**Required action:**
Take the entries below and retype them word for word, excluding the images.
··· Material for this task
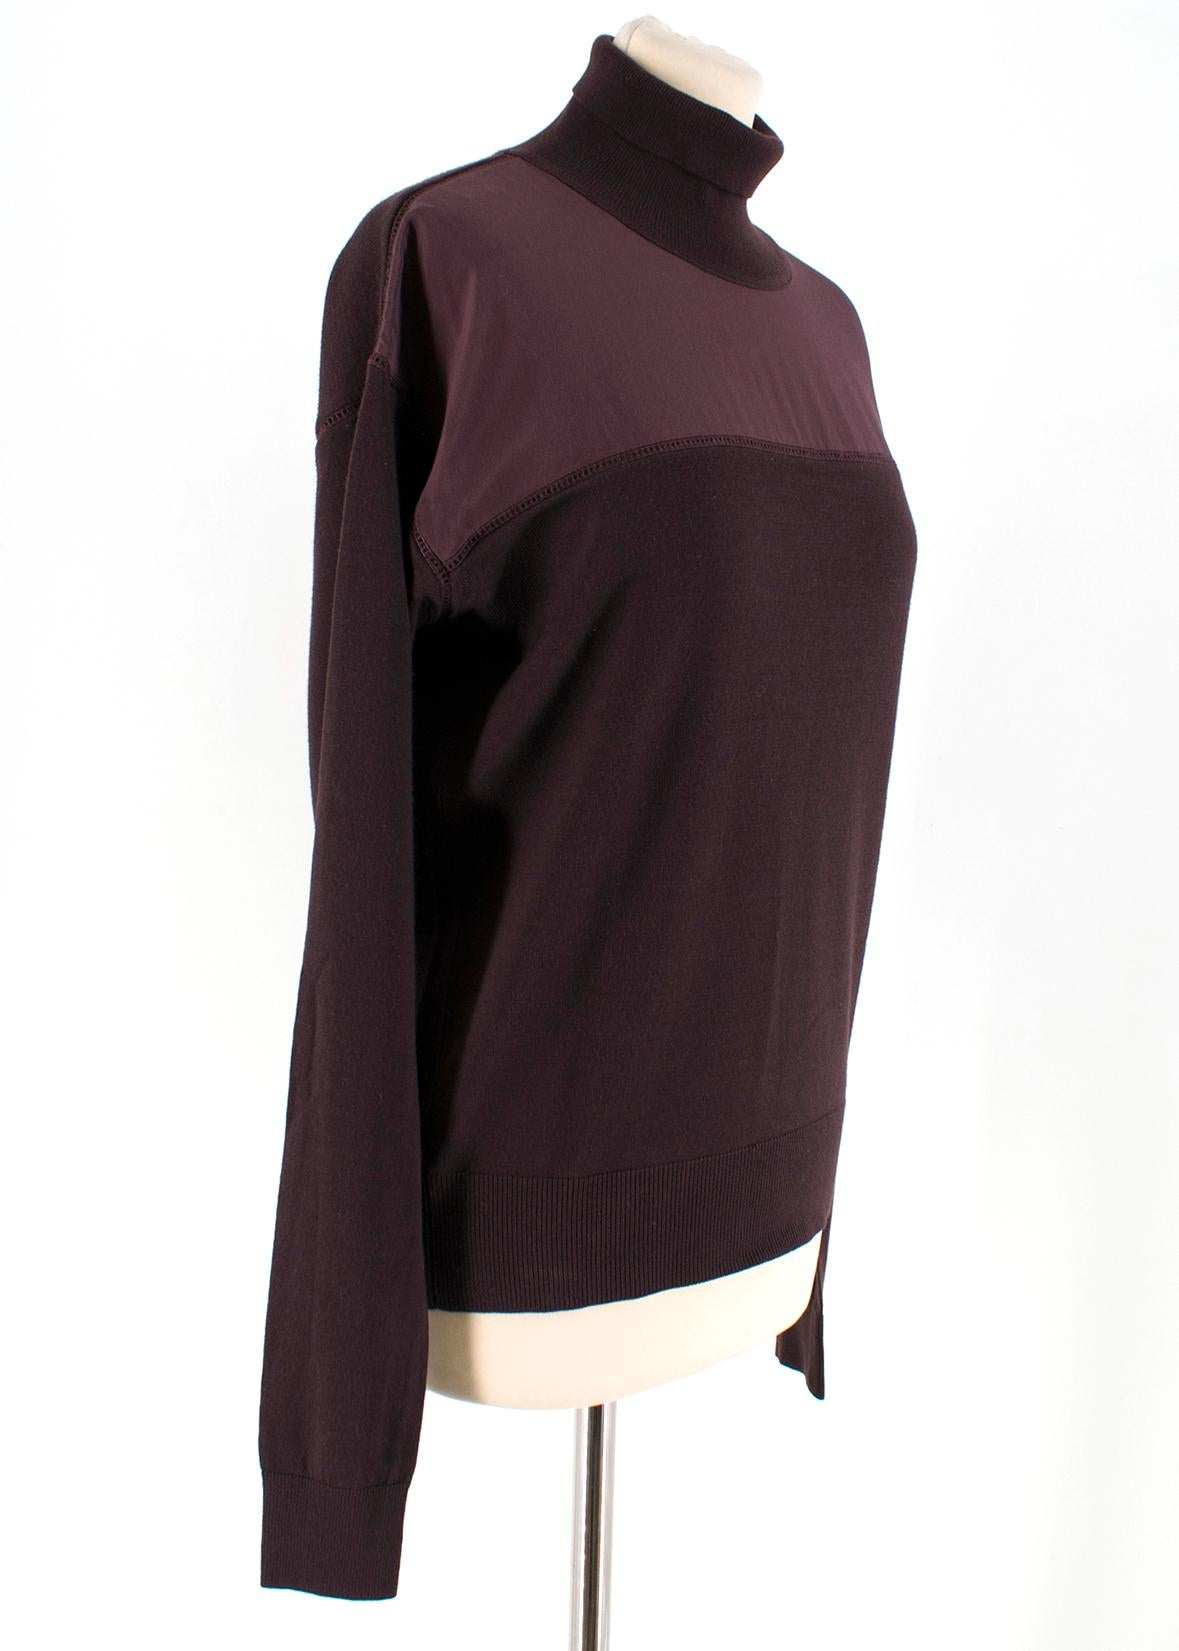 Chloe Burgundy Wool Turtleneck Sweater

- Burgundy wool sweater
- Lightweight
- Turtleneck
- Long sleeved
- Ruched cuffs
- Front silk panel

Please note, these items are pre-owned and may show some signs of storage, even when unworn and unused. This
······
**Reply to the task:**
 Chloe Burgundy Wool Turtleneck Sweater

- Burgundy wool sweater
- Lightweight
- Turtleneck
- Long sleeved
- Ruched cuffs
- Front silk panel

Please note, these items are pre-owned and may show some signs of storage, even when unworn and unused. This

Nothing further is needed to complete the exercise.